«Эта встреча не пройдет даром…» — почувствовал он.
Наверху, у матери, он спросил, озираясь:
— А где мой портрет, который я вам из-за границы прислал? Не вижу его…
— Ах! В самом деле!.. Это все Лиза… Чудачка!.. Взяла показать кому-то, да и держит у себя… — И она нервно позвонила.
— Оставьте, маменька!.. Потом… — Его ноздри дрогнули, и в зрачках загорелся огонек. — Они давно женаты, маменька?
— Скоро два года.
— И дети есть?
— Нету… — Тень прошла по лицу Анны Порфирьевны. — Ну, Бог с ней! Расскажи лучше о себе.
Вошла горничная с низким поклоном и остановилась на пороге, вперив в Тобольцева яркие глаза.
— Федосеюшка, попроси Лизавету Филипповну портрет барина прислать, что у них на столе стоит…
Горничная вышла, опять низко поклонившись.
Тобольцев засмеялся.
— Это что за схимница? Я вижу все новые лица… А красива!
— Это Федосеюшка. Никто лучше ее за мной ходить не умеет… И массажистка на редкость. Анфиса стара стала…
— Стильная особа… А глаза как свечи, ярки…
Тобольцев с сокрушением разглядел в потемневшем лице матери следы развивавшейся болезни печени. Вдруг он спросил: «А что вам, маменька, о Потапове известно?»
Она вздрогнула.
— Ничего неизвестно… А что?
— Он на свободе. Бежал из ссылки… У меня есть письмо…
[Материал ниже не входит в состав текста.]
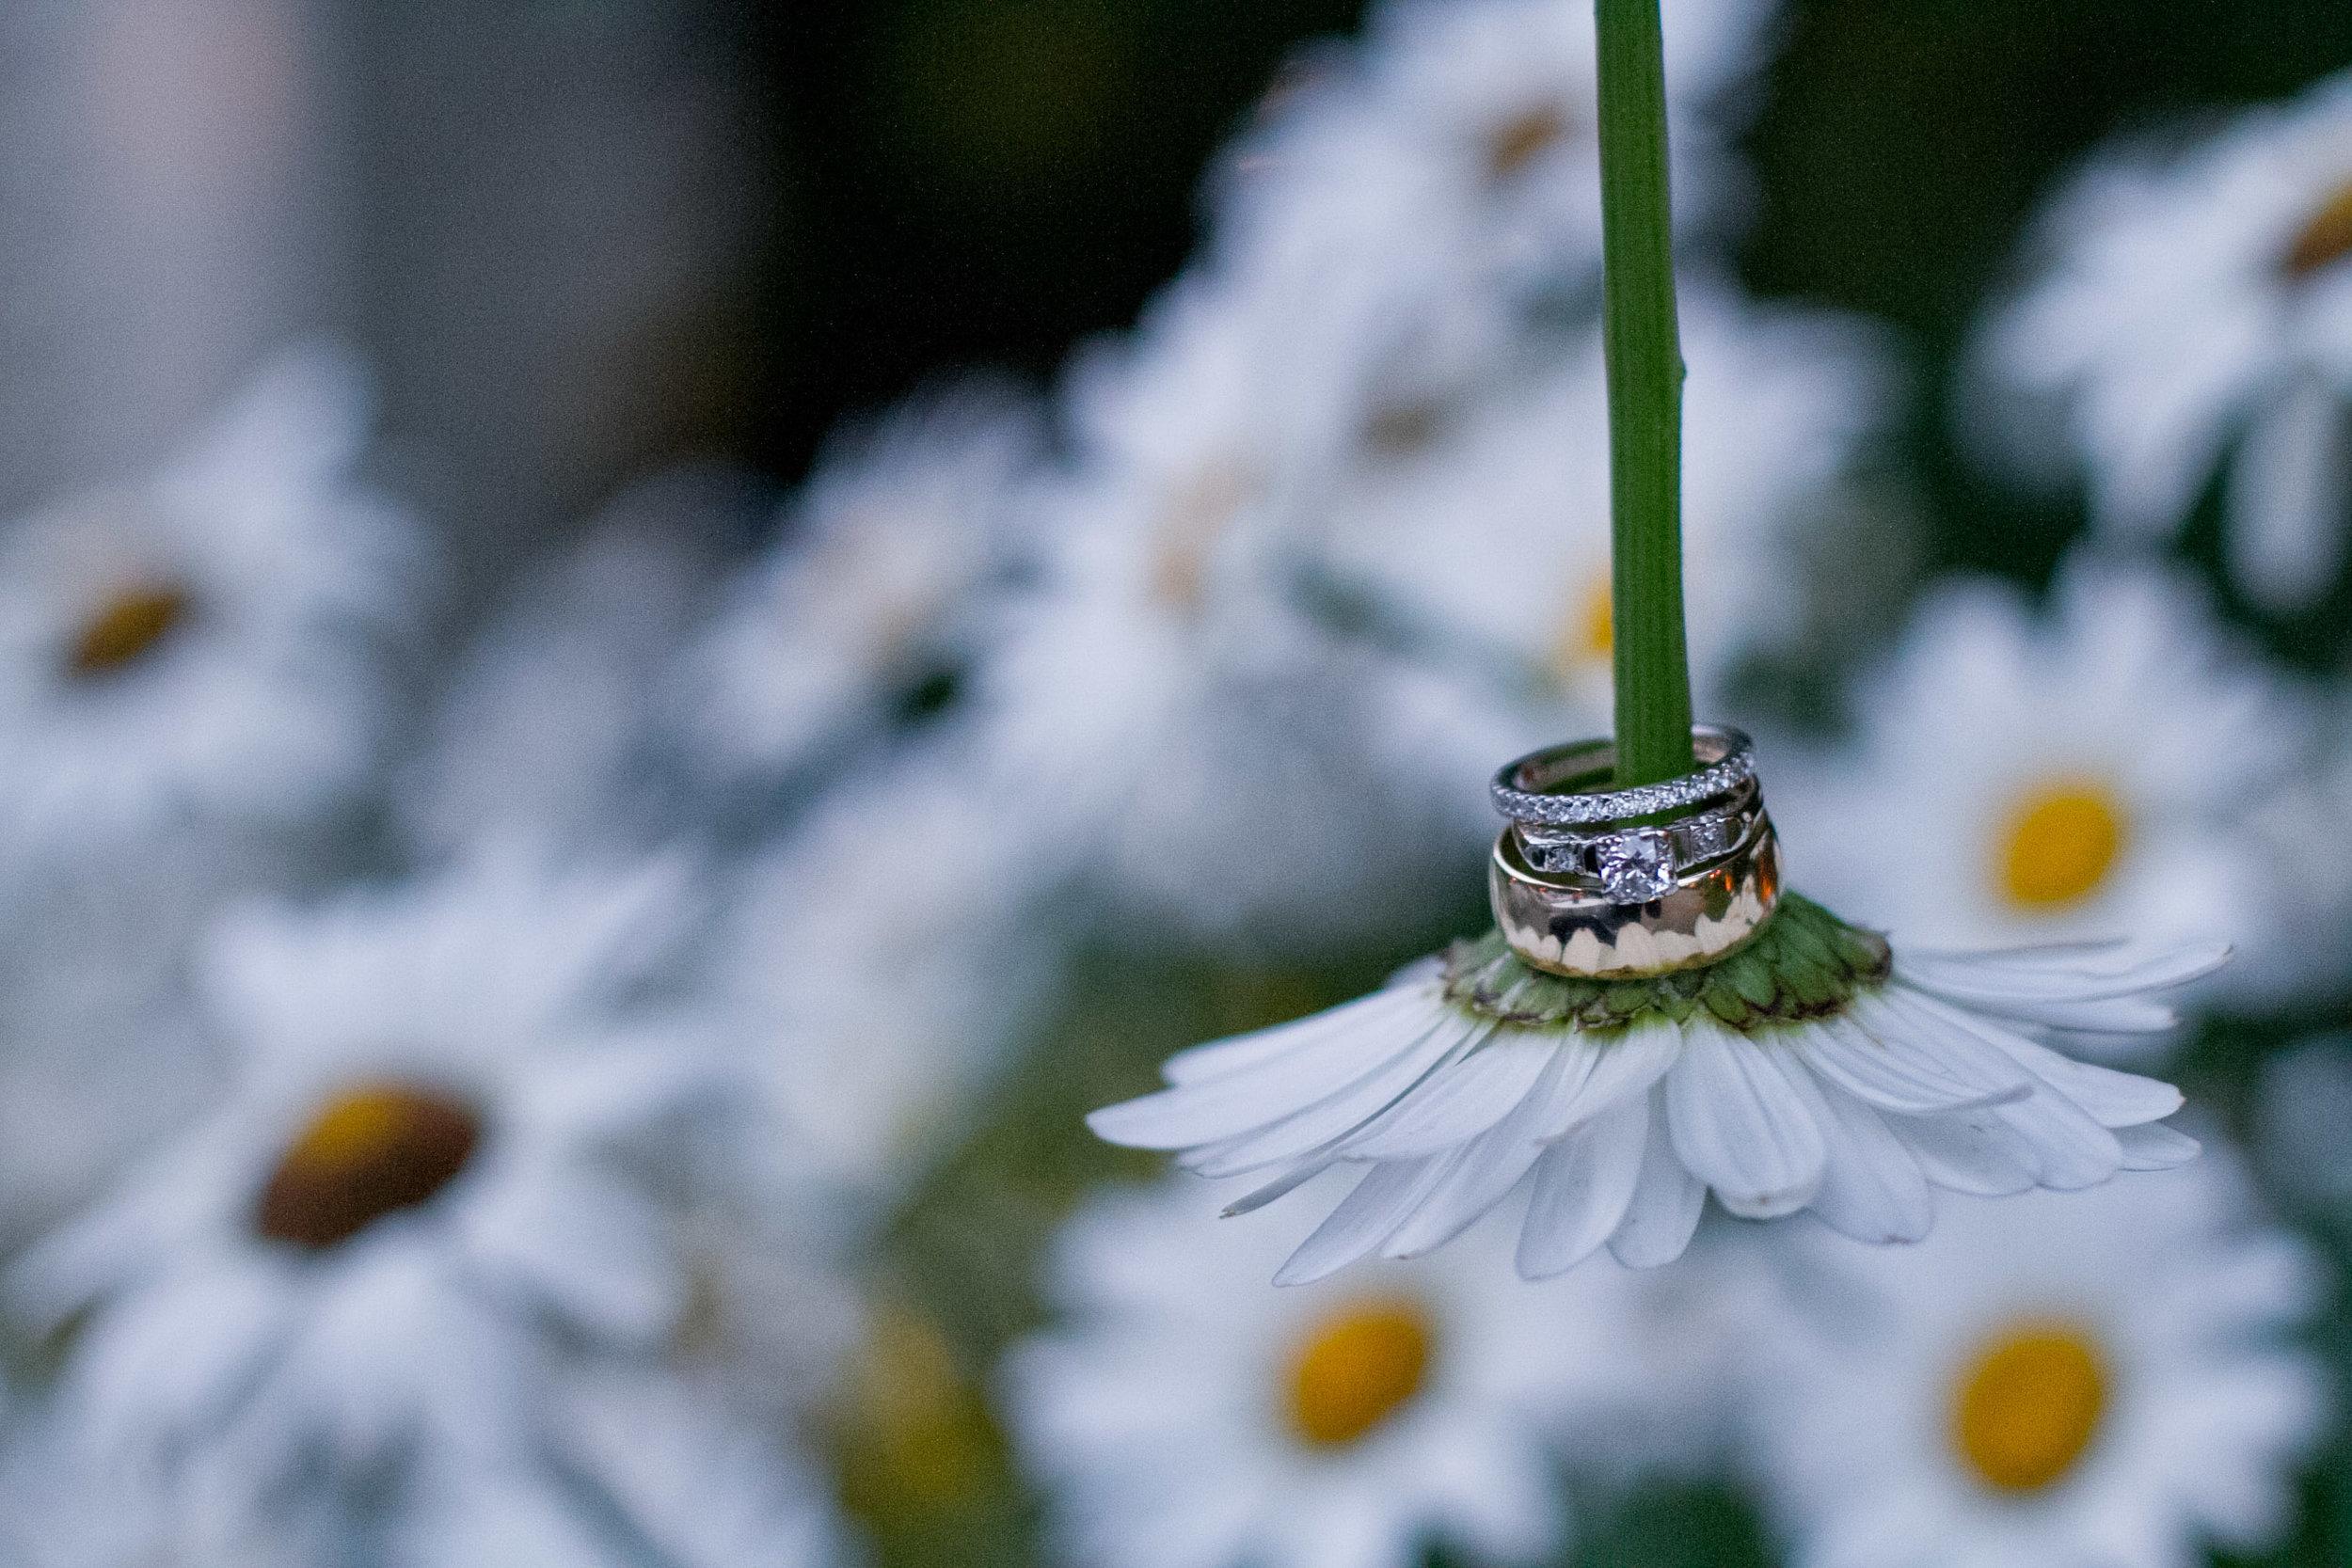 wedding ring detail shot on flowers stem

Она всплеснула руками, потом медленно перекрестилась.
Действительно, уже в Париже Тобольцев получил три месяца искавшее его по Швейцарии письмо, зачеркнутое и перечеркнутое, с знакомым почерком, от которого у него забилось сердце. Тобольцев ахнул, прочитав первые строки:
«Жив Курилка!» — писал Потапов, но не из Сибири, а из Твери, без подписи и эзоповским языком, что не помешало Тобольцеву понять главное: Потапов бежал. Но не за границу, по обычному шаблону его товарищей, на «вынужденное бездействие и самозагрызание», — а прямо-таки в разгар борьбы, на фабрику, куда он поступил под чужим именем. Сколько времени он сохранит свободу — неизвестно. Но дешево на этот раз ее не отдаст! «Передай мой низкий поклон „искоркам“ от сибирского медведя[55], — кончал он. — Пусть поярче светят нам в ночи!»
С влажными глазами Тобольцев поцеловал письмо.
Но с тех пор много воды утекло, а о Потапове никто не слыхал… «На этот раз сгинул», — решил Тобольцев.